Stages are the commands connecting dependencies, outputs, and metrics by associating them to their relevant step within the entire process. The commands are run by the pipeline using the dependencies, and generating metrics and other outputs. Stages appear white in color, and are named during the building process of the pipeline.

Files may also be imported to your repository from external sources, such as the source to a dataset you may be using. These are color-coded pastel yellow. They are created using dvc import.

How to Create a Data Pipeline with DVC

Info

Below is a very brief run-through of the steps required to build your own data pipeline.
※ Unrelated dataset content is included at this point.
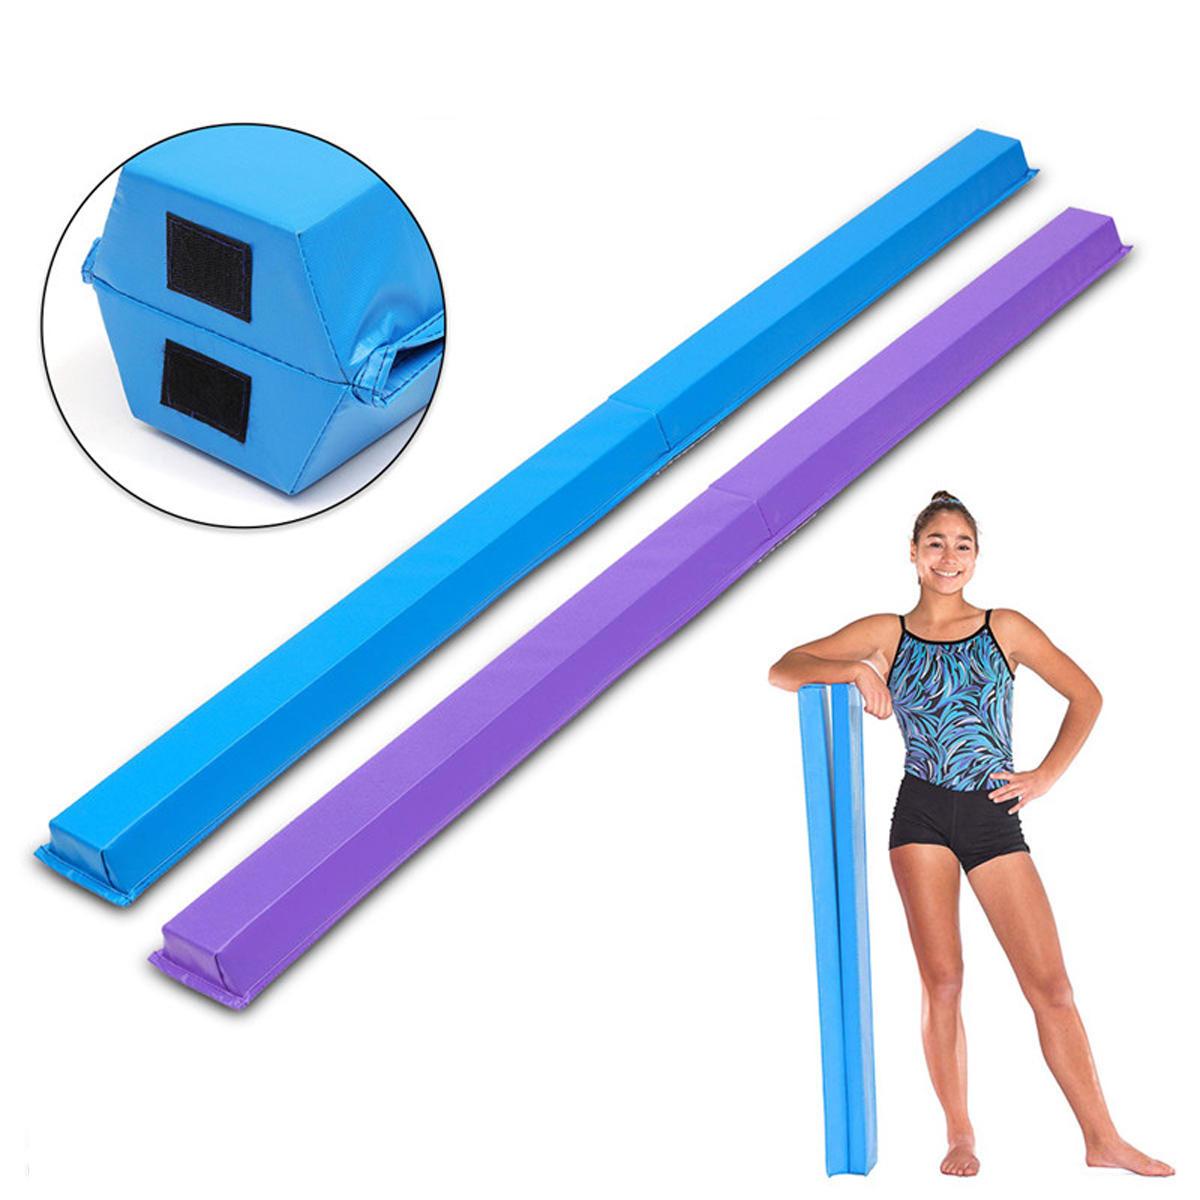 94.48x3.93x2.75inch Gymnastics Folding Balance Beam Horizontal Skill Performance Training Exercise Tools Airtrack

For additional information, visit Iterative’s DVC Pipeline documentation.

Building a data pipeline is similar to building a lego creation, primary difference being the building blocks are stages. Much of building a pipeline revolves around stacking stages one after another.

The main command for this is dvc stage add. Example usage as follows:

$ dvc stage add -n featurization \
    -d code/featurization.py \
    -d data/test_data.csv \
    -d data/train_data.csv \
    -o data/norm_params.json \
    -o data/processed_test_data.npy \
    -o data/processed_train_data.npy \
    python3 code/featurization.py

Where, the -n flag sets the name of the stage, -d flag sets the dependencies of the stage, and -o flag defines the outputs of the stage. The python command at the end defines the command run by the stage itself. Additionally, there’s also the -m for metrics, and -p flag for parameters.

What are dvc.yaml and dvc.lock files?

DagsHub uses dvc.yaml and dvc.lock to generate the pipeline.

A good way to contextualize these two files is that they are fundamentally interconnected. They work in tandem: dvc.yaml holds the pipeline itself, and dvc.lock defines the version of the referred files within the pipeline.

So, what information do they provide? Let’s examine a single stage within the files to make necessary comparisons:

stages:
  featurization:
    cmd: python3 code/featurization.py
    deps:
    - code/featurization.py
    - data/test_data.csv
    - data/train_data.csv
    outs:
    - data/norm_params.json
    - data/processed_test_data.npy
    - data/processed_train_data.npy
schema: '2.0'
stages:
  featurization:
    cmd: python3 code/featurization.py
    deps:
    - path: code/featurization.py
      md5: ddf63559873ad5aa352565bb3b76bf0b
      size: 1472
    - path: data/test_data.csv
      md5: c807df8d6d804ab2647fc15c3d40f543
      size: 18289443
    - path: data/train_data.csv
      md5: c807df8d6d804ab2647fc15c3d40f543
      size: 18289443
    outs:
    - path: data/norm_params.json
      md5: 855b3da318f0dfd5eb36d4765092473a
      size: 138861
    - path: data/processed_test_data.npy
      md5: 48b7c5120556c80e0c2c08602b53a216
      size: 1280128
    - path: data/processed_train_data.npy
      md5: 48b7c5120556c80e0c2c08602b53a216
      size: 1280128

Within dvc.lock's deps, we see the path to the first dependency - featurization.py. Below it, we have the md5sum hash of the file, as well as the size of the file itself. This is how DVC knows the state of files within the stage, and how it decides whether or not to execute code for any given stage. The high-level stages from dvc.yaml is interpreted to design the pipeline itself.

How to run a DVC Pipeline?

Once your pipeline is prepared, you would have defined an end-to-end process for reproduction. When you change components and want to observe the consequent changes, running the pipeline updates only the modified stages, saving time and resources.

dvc repro is the primary command used to run the pipeline.

You can add stage names - for example, dvc repro featurization - and it will run the featurization stage. By default, stages are cached; which means, if there is no difference within the dependencies of the stage between runs, it will not run again.

Tip

To force a cached stage to run, use the -f tag!

Known Issues, Limitations & Restrictions

  1. Currently, DagsHub only supports DVC pipelines. If you have a request for a custom pipeline, please visit our suggestions channel Discord and share your request.
  2. GUI-based stage editing works only below DVC v1.x.